## WORK TO COMPLETE
Nothing outside the range below should be printed. Output exactly the lines from the line with "salad in a jar, diy" to the line with "20 ideas de", both included.

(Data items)
##########

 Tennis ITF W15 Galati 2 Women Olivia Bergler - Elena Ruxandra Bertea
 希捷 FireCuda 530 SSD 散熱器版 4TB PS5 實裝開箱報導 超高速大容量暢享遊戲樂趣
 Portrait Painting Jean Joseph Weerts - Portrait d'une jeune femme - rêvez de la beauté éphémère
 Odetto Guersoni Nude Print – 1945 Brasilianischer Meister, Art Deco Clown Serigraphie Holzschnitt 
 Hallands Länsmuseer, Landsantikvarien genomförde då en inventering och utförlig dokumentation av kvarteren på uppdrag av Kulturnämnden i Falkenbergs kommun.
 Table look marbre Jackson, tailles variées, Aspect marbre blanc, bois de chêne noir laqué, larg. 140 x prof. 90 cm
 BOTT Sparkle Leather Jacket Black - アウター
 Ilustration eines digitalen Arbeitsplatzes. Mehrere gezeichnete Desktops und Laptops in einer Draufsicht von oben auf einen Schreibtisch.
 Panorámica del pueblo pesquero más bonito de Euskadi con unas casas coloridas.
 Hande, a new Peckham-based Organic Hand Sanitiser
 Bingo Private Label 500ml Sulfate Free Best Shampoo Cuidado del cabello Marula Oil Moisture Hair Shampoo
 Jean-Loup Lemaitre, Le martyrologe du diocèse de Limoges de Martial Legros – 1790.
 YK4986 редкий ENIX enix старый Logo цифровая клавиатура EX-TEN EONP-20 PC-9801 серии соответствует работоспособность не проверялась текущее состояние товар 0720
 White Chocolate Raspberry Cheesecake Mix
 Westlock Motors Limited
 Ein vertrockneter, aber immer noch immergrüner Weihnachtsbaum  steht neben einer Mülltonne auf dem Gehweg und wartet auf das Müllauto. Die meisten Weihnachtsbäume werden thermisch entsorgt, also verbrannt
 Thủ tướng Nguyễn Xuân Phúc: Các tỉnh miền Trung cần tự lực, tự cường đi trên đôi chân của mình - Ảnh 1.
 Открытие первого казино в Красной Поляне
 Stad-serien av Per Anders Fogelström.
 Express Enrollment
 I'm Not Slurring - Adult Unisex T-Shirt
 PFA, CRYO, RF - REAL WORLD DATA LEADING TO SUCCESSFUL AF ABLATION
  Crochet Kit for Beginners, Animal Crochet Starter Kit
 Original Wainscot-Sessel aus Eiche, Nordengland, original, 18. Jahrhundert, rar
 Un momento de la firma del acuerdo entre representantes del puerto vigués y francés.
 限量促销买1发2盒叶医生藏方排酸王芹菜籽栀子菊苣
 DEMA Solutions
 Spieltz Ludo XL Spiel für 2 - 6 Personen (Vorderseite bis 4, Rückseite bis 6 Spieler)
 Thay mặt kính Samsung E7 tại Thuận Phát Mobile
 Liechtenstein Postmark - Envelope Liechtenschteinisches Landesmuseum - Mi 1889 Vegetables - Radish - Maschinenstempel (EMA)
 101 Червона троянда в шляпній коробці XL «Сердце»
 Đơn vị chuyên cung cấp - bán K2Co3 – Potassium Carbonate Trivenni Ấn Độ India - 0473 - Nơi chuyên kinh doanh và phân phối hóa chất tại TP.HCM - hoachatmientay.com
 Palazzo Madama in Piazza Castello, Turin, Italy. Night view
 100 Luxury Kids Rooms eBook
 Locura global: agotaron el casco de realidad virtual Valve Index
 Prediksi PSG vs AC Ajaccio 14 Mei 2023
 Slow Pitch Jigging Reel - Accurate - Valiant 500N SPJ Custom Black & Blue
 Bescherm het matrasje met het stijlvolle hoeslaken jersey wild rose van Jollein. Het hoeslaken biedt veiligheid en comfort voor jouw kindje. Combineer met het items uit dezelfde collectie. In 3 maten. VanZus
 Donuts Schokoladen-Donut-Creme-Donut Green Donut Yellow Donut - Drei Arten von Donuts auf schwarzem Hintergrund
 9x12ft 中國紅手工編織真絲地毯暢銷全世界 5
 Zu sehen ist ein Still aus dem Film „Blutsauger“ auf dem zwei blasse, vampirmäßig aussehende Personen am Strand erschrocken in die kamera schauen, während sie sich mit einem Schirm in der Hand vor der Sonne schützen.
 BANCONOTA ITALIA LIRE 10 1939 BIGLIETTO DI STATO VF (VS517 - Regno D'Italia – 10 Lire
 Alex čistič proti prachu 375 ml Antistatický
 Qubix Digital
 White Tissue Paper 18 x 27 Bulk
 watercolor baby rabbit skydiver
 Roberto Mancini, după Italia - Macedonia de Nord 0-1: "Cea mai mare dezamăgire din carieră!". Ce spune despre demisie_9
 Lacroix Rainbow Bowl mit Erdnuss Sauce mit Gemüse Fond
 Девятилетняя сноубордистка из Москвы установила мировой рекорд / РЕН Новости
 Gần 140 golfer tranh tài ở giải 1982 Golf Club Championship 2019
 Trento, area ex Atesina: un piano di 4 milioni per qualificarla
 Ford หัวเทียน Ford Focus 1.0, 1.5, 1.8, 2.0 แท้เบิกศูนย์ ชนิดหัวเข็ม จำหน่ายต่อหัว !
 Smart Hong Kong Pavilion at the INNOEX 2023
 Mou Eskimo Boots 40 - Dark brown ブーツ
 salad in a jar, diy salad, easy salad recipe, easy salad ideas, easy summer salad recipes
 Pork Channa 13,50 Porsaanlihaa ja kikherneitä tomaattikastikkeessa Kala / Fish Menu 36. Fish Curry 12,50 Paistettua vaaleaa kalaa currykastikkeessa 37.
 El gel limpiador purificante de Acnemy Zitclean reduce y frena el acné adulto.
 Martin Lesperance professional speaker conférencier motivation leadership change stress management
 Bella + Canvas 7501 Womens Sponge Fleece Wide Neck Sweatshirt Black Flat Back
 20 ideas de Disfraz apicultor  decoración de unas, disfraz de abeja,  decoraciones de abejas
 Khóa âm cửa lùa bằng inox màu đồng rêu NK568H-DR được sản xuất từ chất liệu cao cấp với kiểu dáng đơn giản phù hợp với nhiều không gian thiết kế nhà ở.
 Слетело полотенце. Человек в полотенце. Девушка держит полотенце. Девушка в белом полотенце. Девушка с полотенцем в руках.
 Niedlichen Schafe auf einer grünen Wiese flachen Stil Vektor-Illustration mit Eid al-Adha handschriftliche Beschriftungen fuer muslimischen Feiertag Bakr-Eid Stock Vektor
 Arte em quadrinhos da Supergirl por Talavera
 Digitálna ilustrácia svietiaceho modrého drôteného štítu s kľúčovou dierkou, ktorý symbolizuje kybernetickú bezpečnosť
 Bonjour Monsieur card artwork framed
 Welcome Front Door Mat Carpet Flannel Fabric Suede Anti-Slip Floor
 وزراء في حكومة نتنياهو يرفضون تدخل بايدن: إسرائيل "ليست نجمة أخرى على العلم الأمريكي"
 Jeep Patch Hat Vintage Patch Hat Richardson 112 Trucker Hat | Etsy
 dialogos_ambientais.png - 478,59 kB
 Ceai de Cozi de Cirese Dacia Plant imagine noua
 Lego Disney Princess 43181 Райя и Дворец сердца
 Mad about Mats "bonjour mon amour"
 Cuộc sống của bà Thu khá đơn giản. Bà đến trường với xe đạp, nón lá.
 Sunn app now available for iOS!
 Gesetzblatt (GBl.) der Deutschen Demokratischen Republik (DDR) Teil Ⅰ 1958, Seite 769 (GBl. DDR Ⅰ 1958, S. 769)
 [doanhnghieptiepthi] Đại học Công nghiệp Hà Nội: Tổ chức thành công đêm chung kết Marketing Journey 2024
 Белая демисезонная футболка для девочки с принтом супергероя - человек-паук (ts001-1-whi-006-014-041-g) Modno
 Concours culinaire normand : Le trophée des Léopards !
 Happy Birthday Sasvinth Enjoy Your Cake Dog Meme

##########

## RESULT OF THE EXERCISE
 salad in a jar, diy salad, easy salad recipe, easy salad ideas, easy summer salad recipes
 Pork Channa 13,50 Porsaanlihaa ja kikherneitä tomaattikastikkeessa Kala / Fish Menu 36. Fish Curry 12,50 Paistettua vaaleaa kalaa currykastikkeessa 37.
 El gel limpiador purificante de Acnemy Zitclean reduce y frena el acné adulto.
 Martin Lesperance professional speaker conférencier motivation leadership change stress management
 Bella + Canvas 7501 Womens Sponge Fleece Wide Neck Sweatshirt Black Flat Back
 20 ideas de Disfraz apicultor  decoración de unas, disfraz de abeja,  decoraciones de abejas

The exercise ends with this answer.